#### Task objective
Take the line that contains "Zillow_Wordmark_Blue_High Res" and each line after it to the end of the data below, and set them down exactly, omitting pictures.

#### Data section
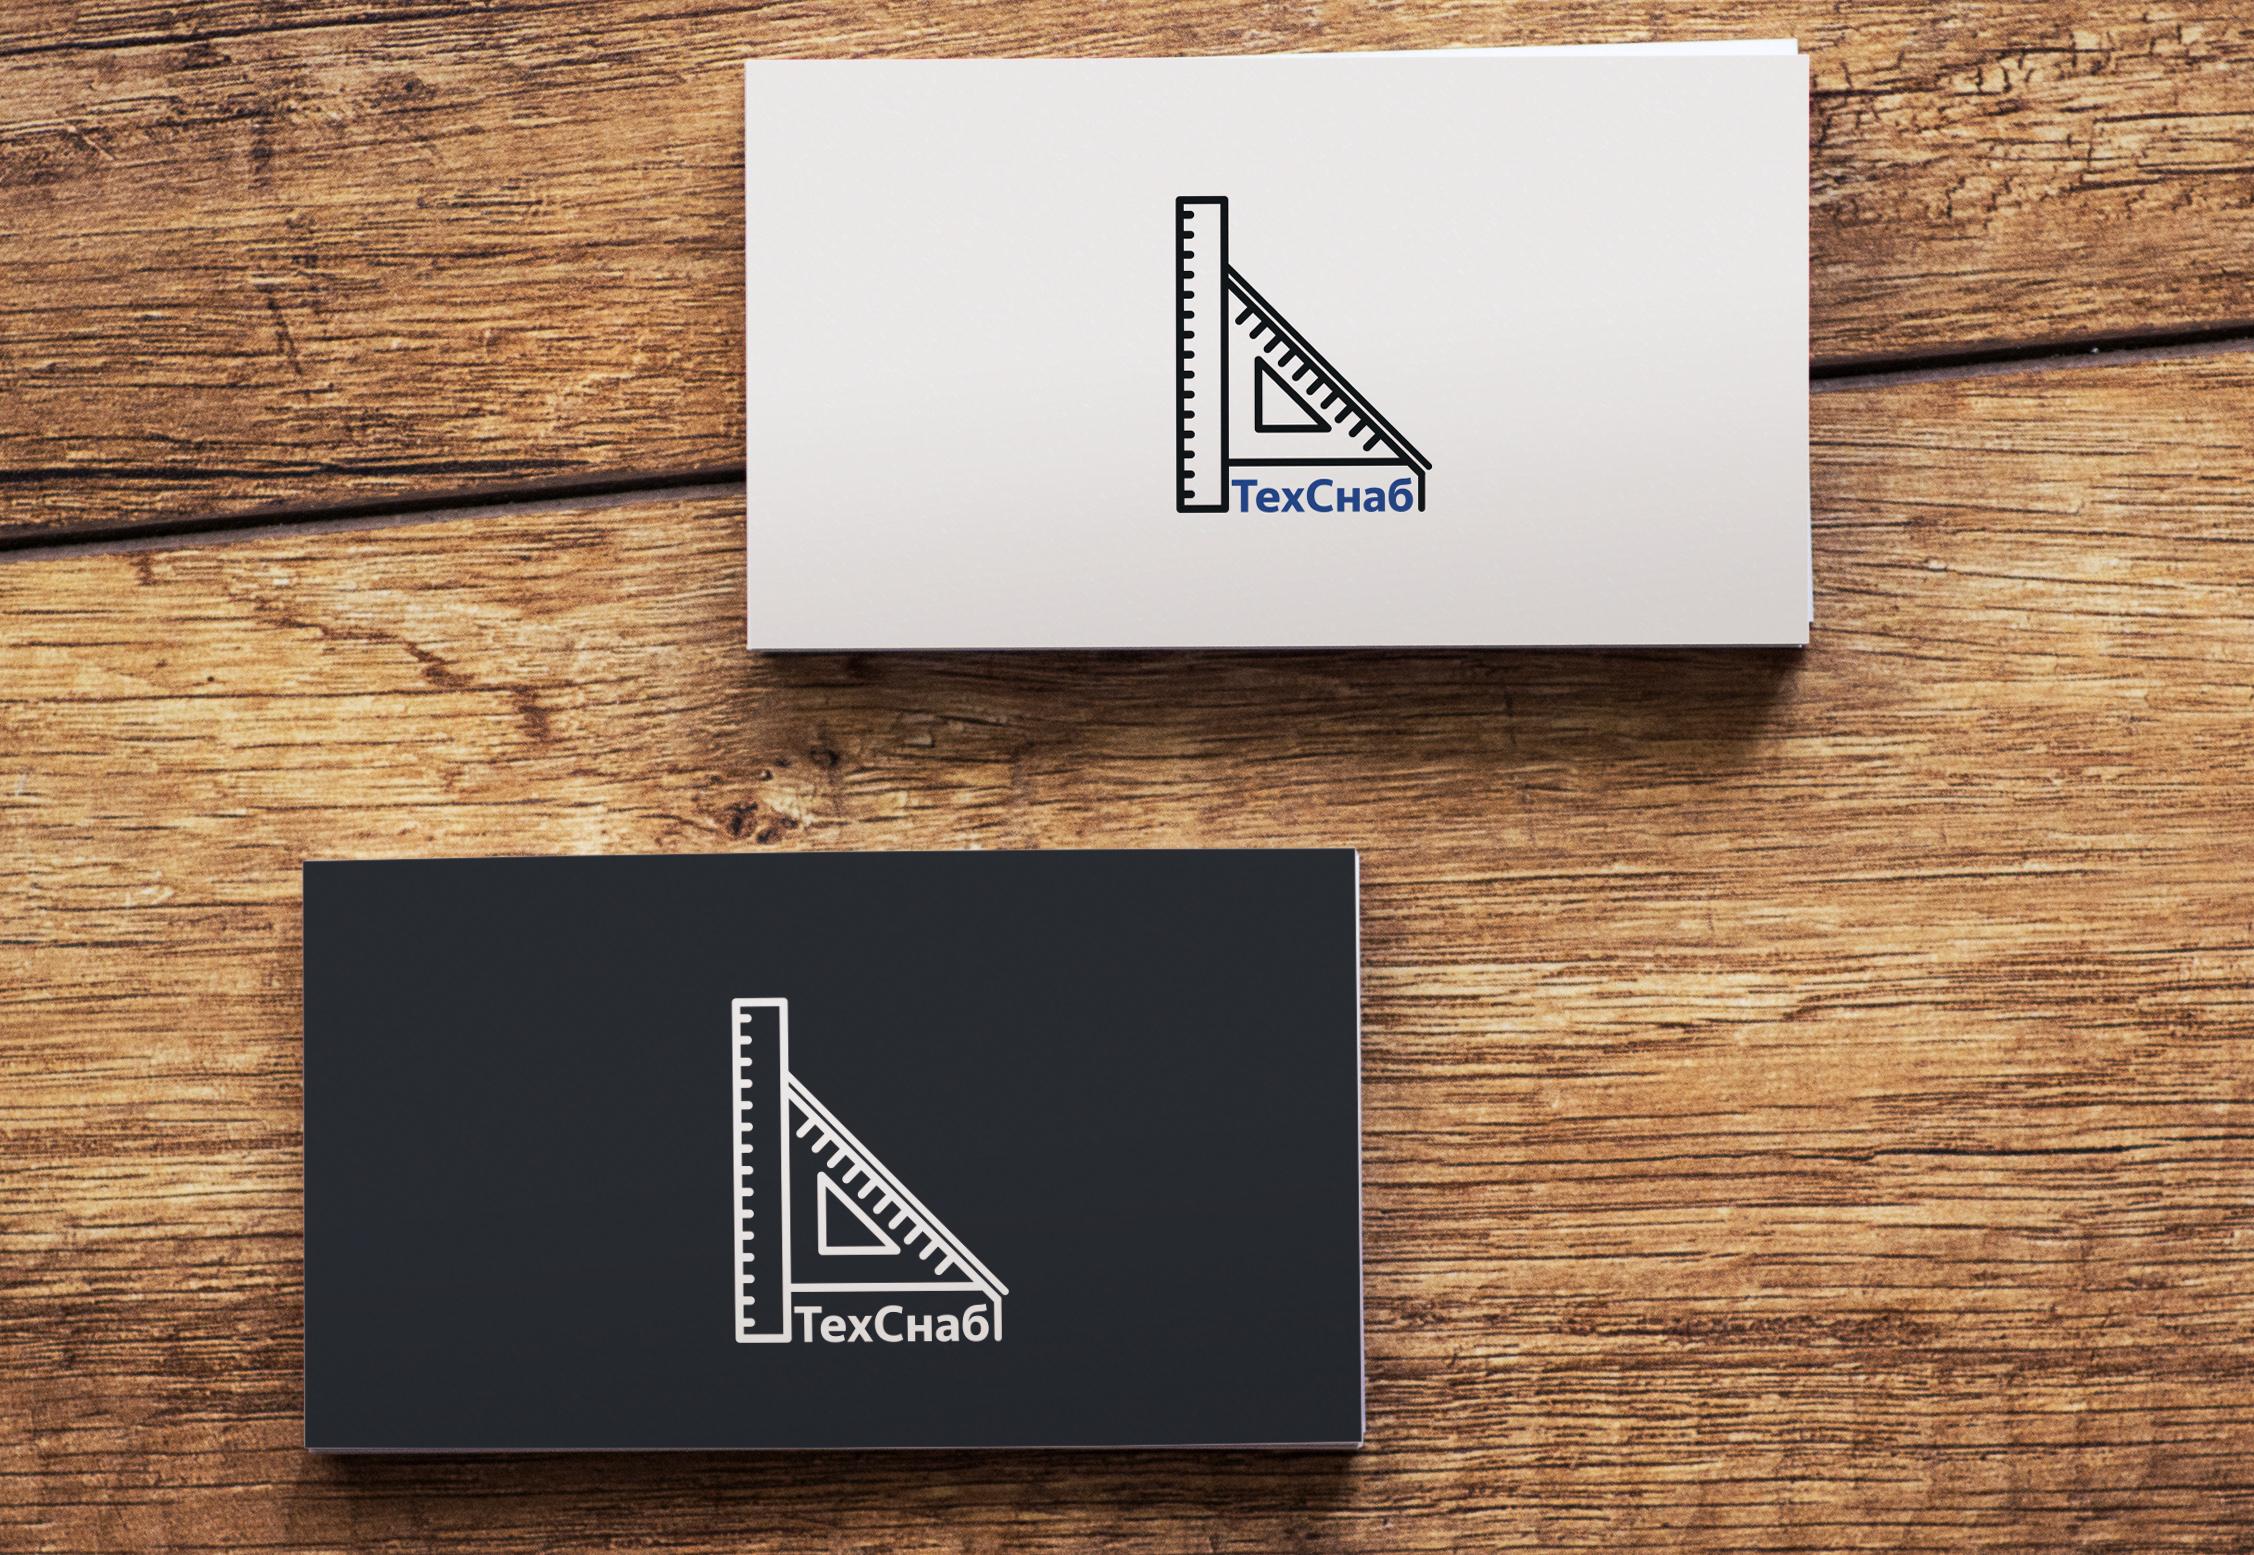 Разработка логотипа и фирм. стиля компании  ТЕХСНАБ фото f_1155b1ad1a3b400a.jpg
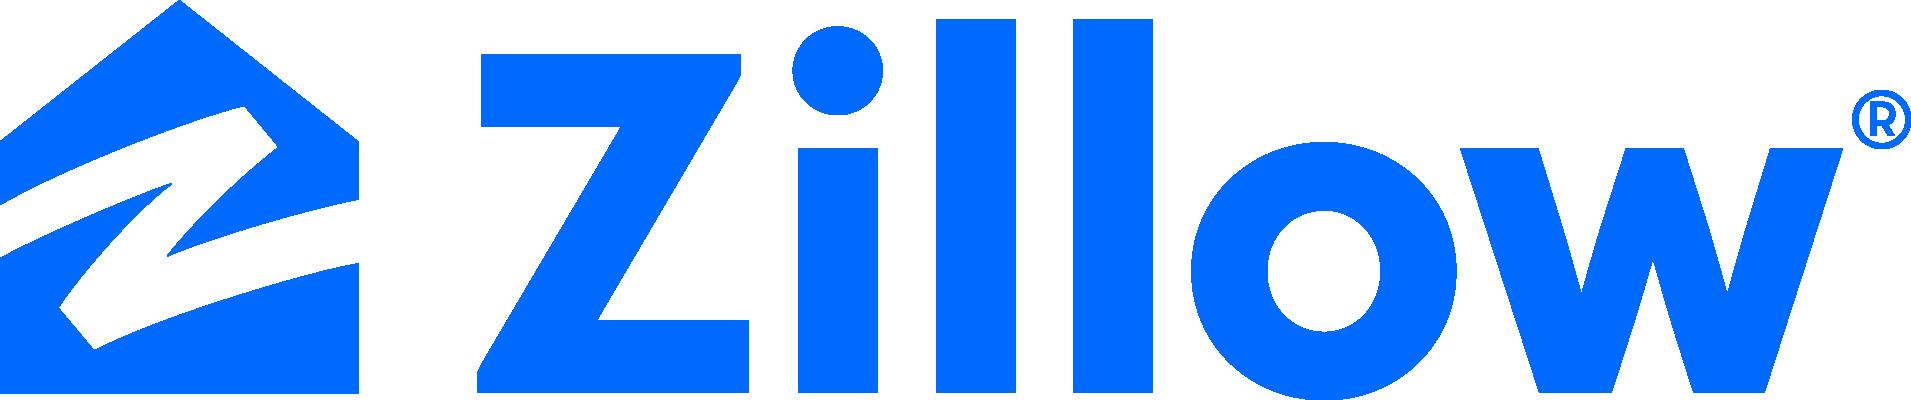 Zillow_Wordmark_Blue_High Res
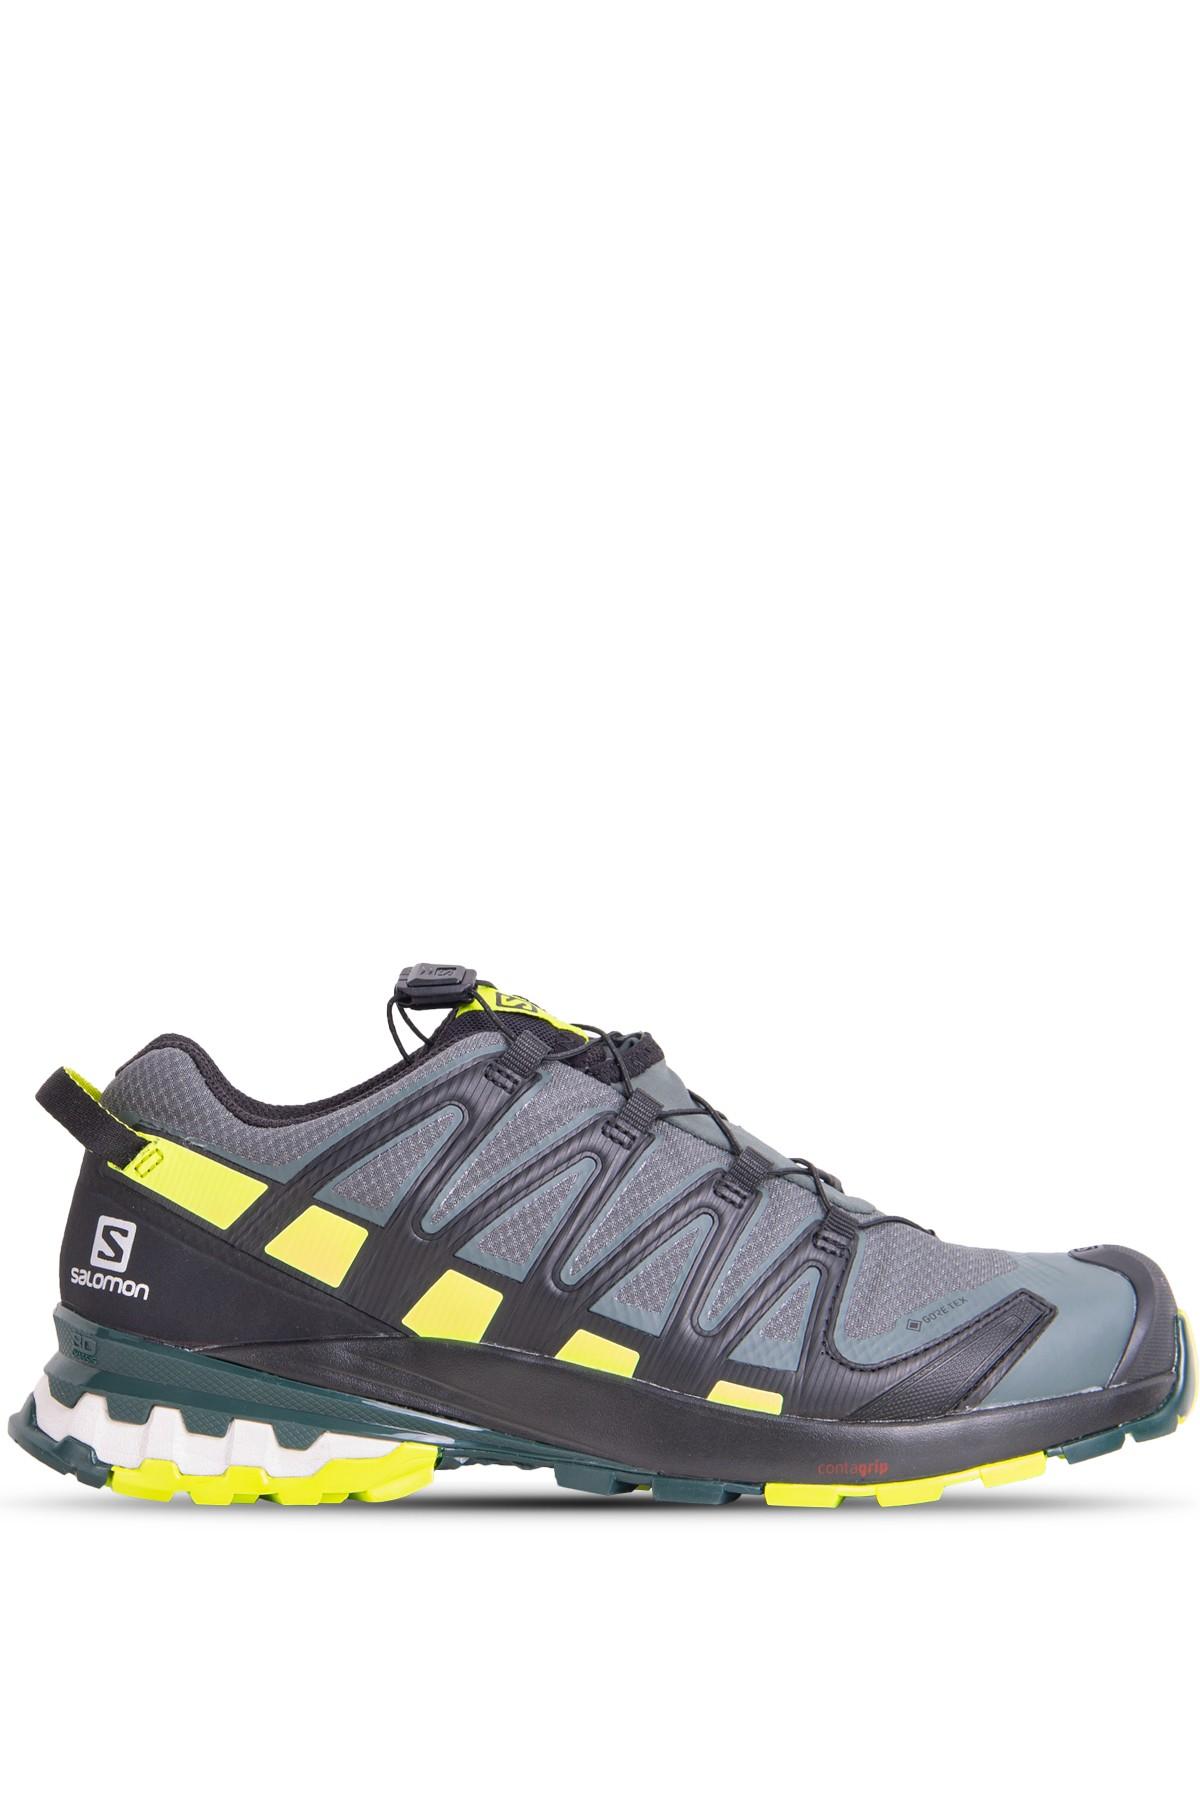 Saloman Erkek Haki Outdoor Ayakkabı(L41118000)

#### Completed exercise
 Zillow_Wordmark_Blue_High Res
 Saloman Erkek Haki Outdoor Ayakkabı(L41118000)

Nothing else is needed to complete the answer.